Information shown:
= Beginning of Section =

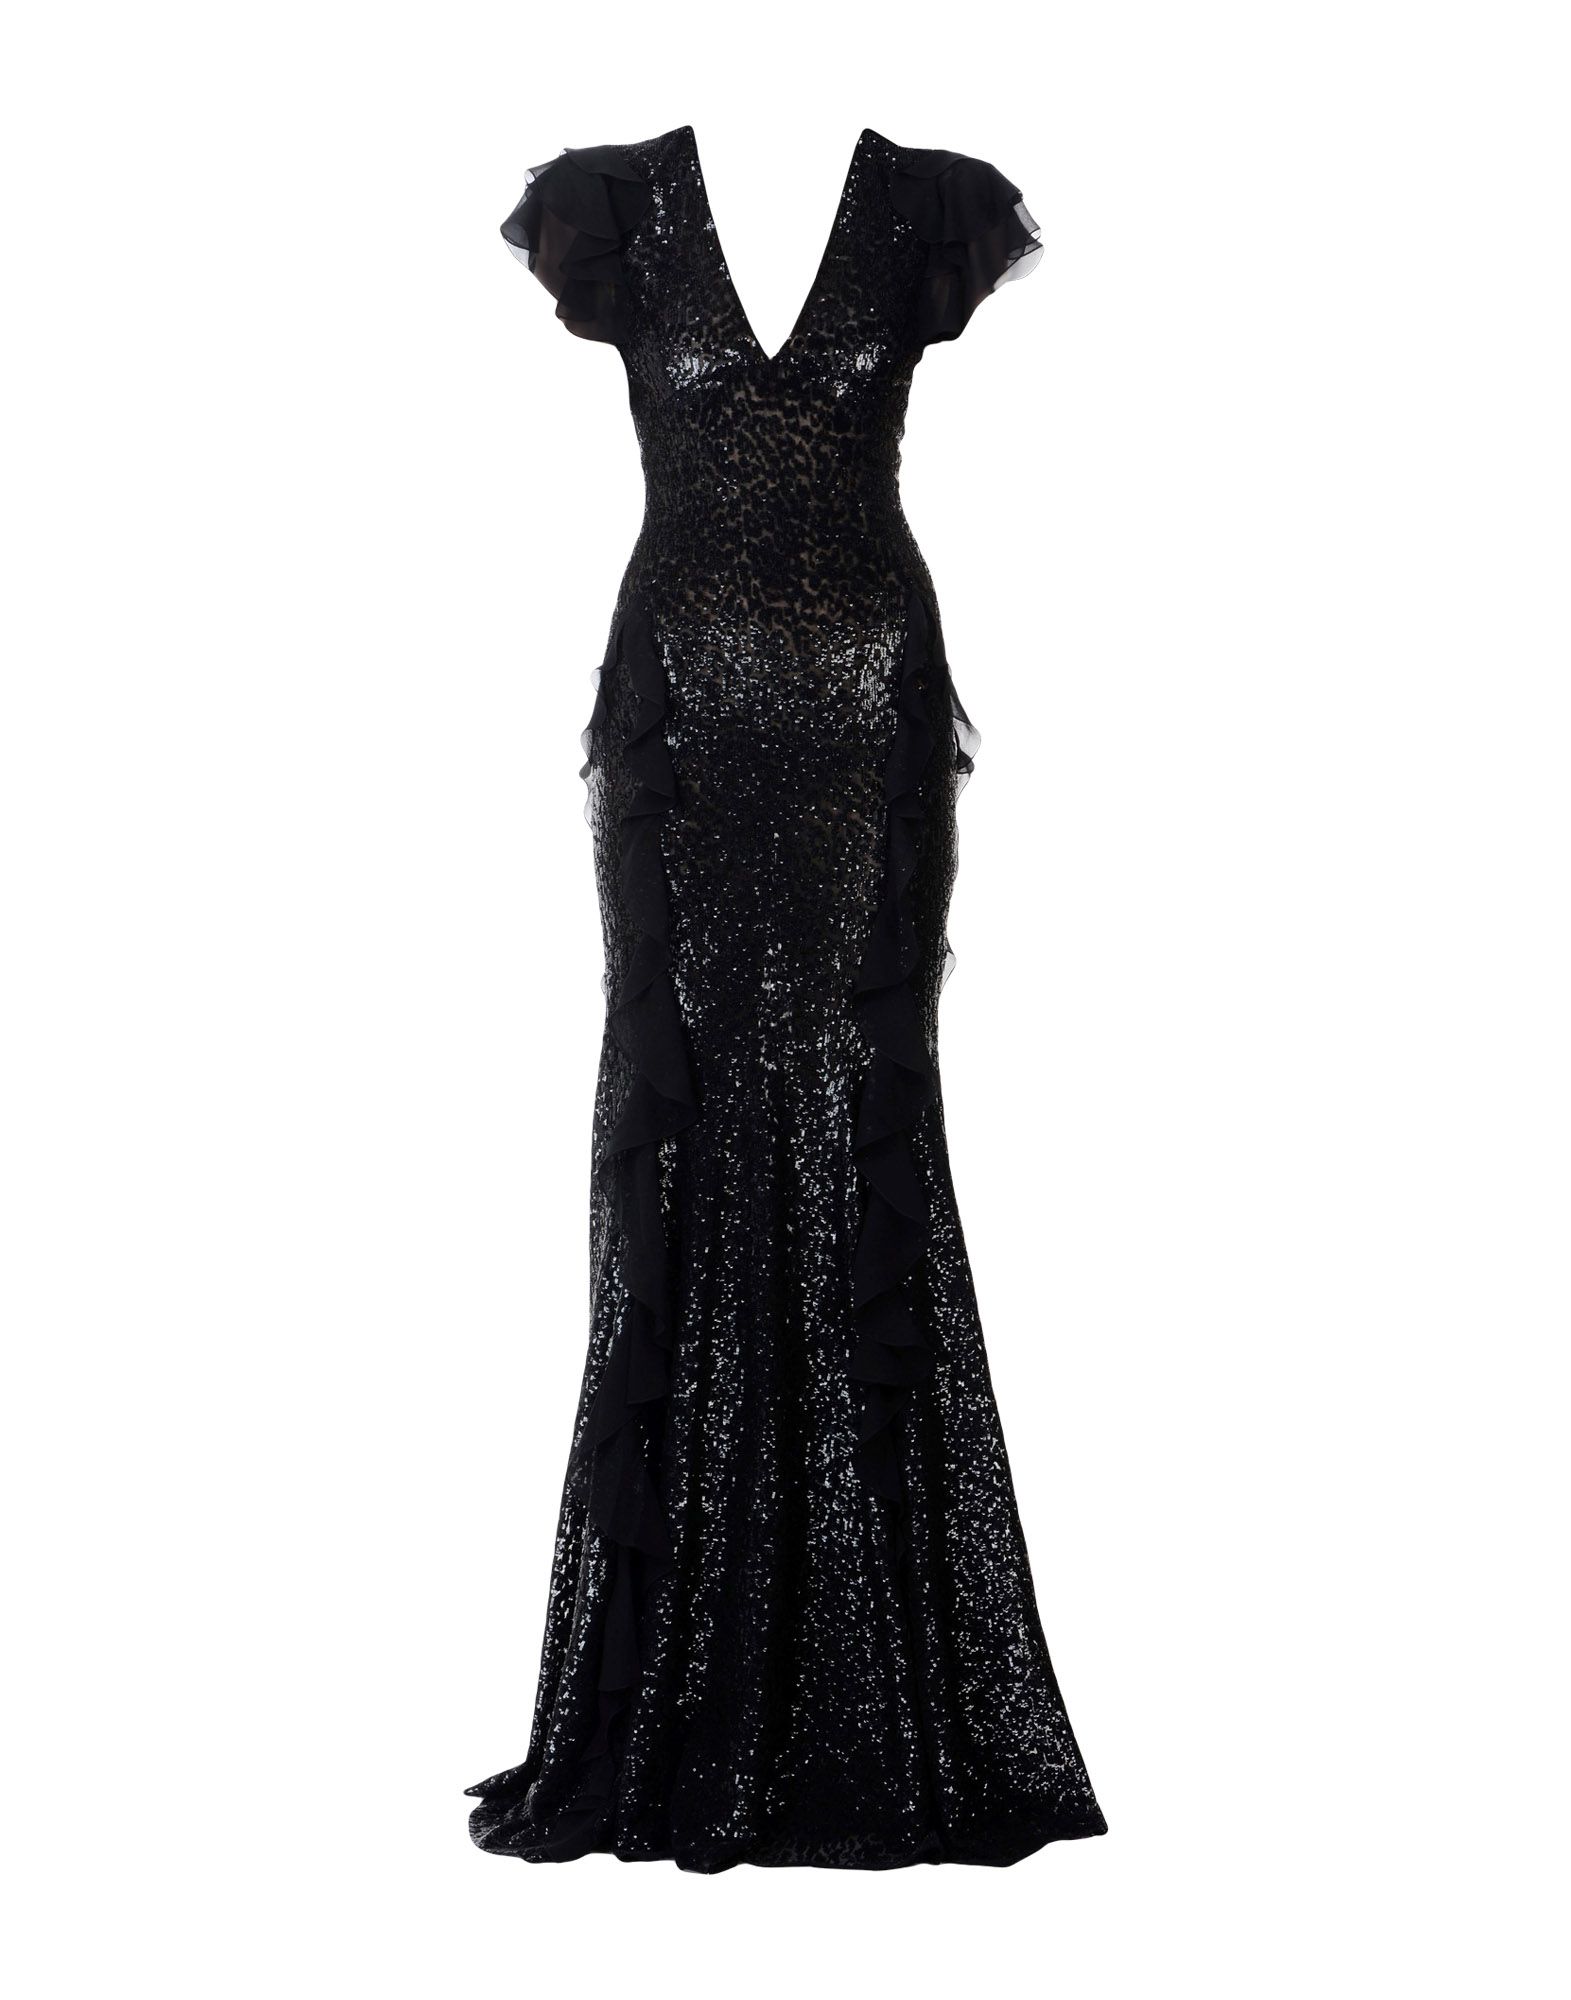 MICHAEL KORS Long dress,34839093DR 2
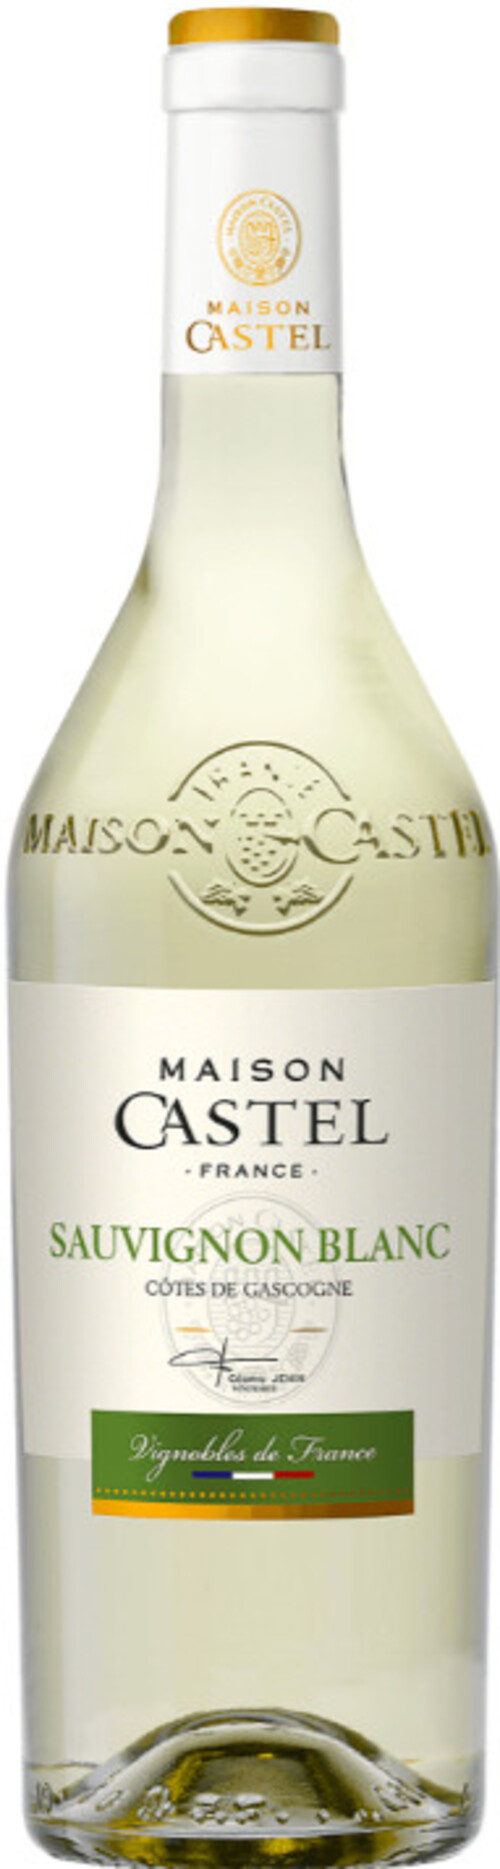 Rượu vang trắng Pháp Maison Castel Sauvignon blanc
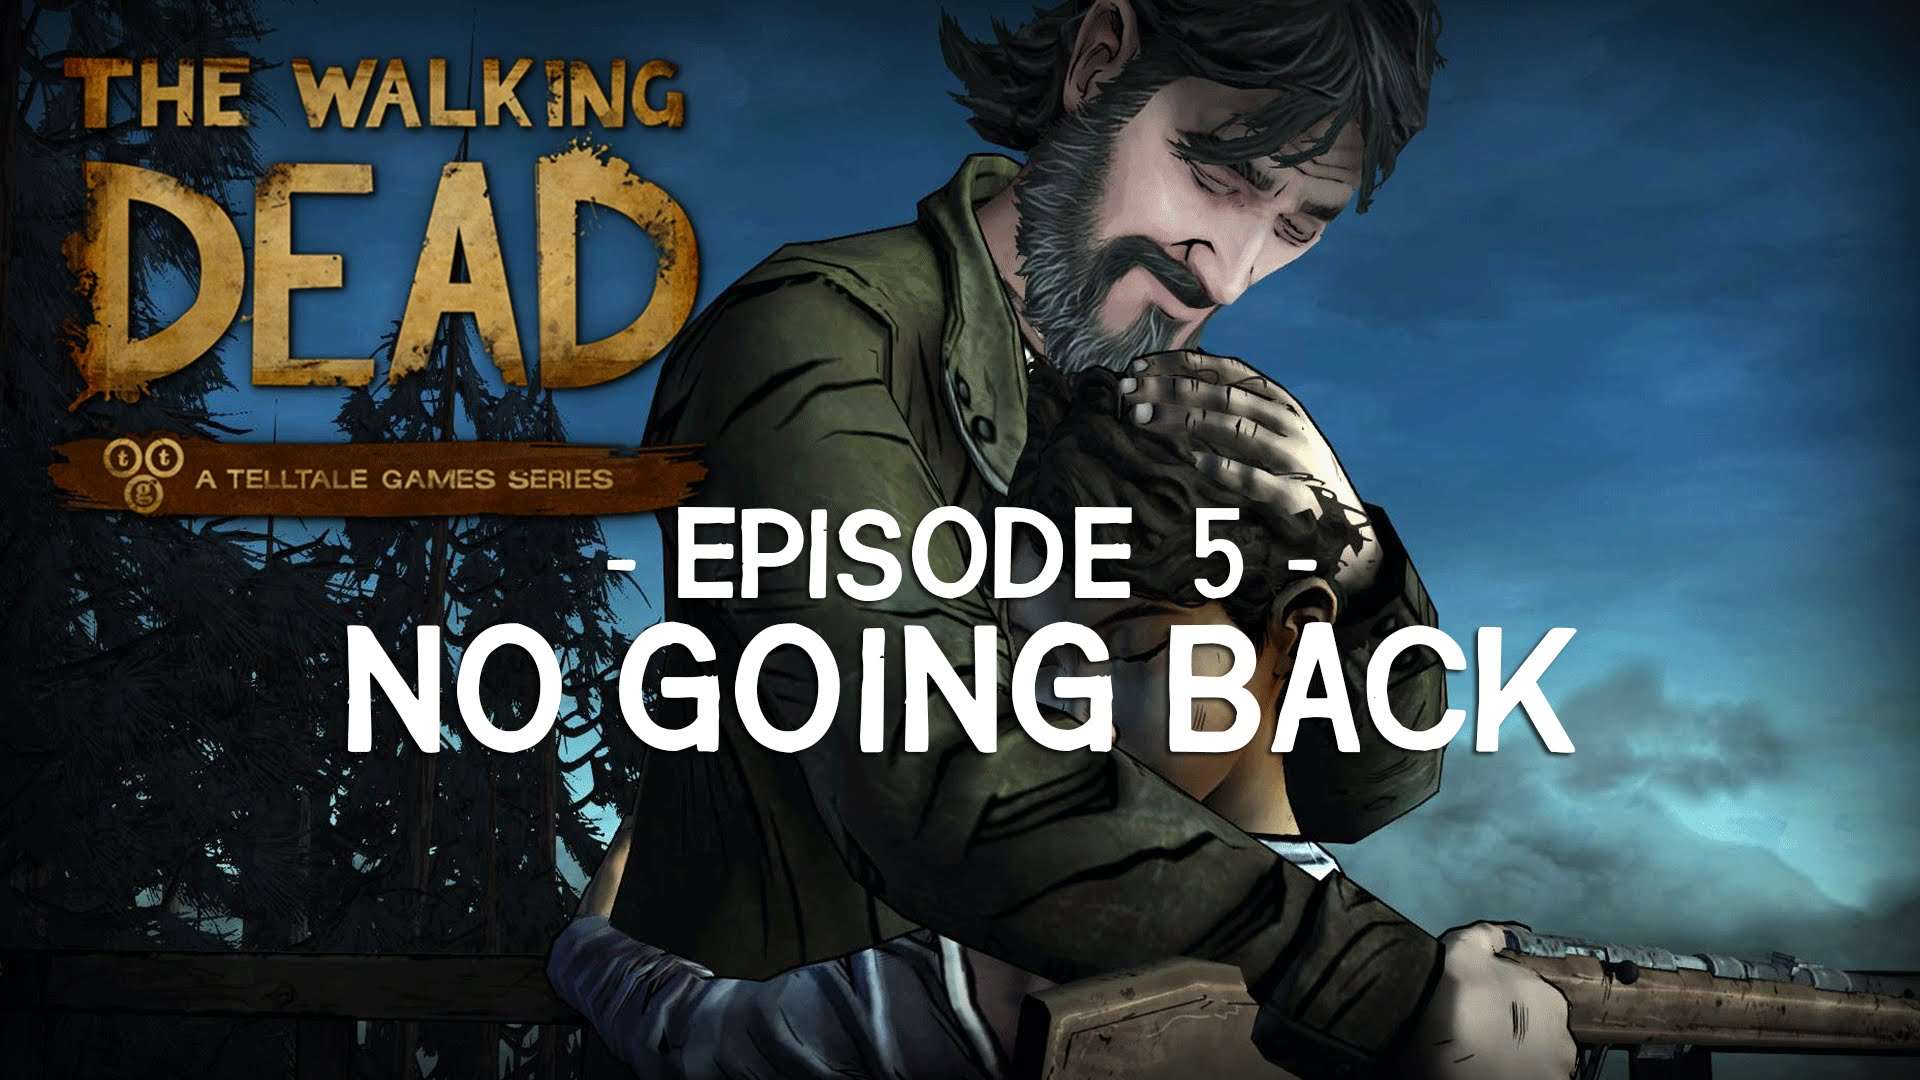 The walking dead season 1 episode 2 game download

= End of Section =

Work request: Transcribe the data exactly and leave no picture in the copy.

Final answer:
 MICHAEL KORS Long dress,34839093DR 2
 Rượu vang trắng Pháp Maison Castel Sauvignon blanc
 The walking dead season 1 episode 2 game download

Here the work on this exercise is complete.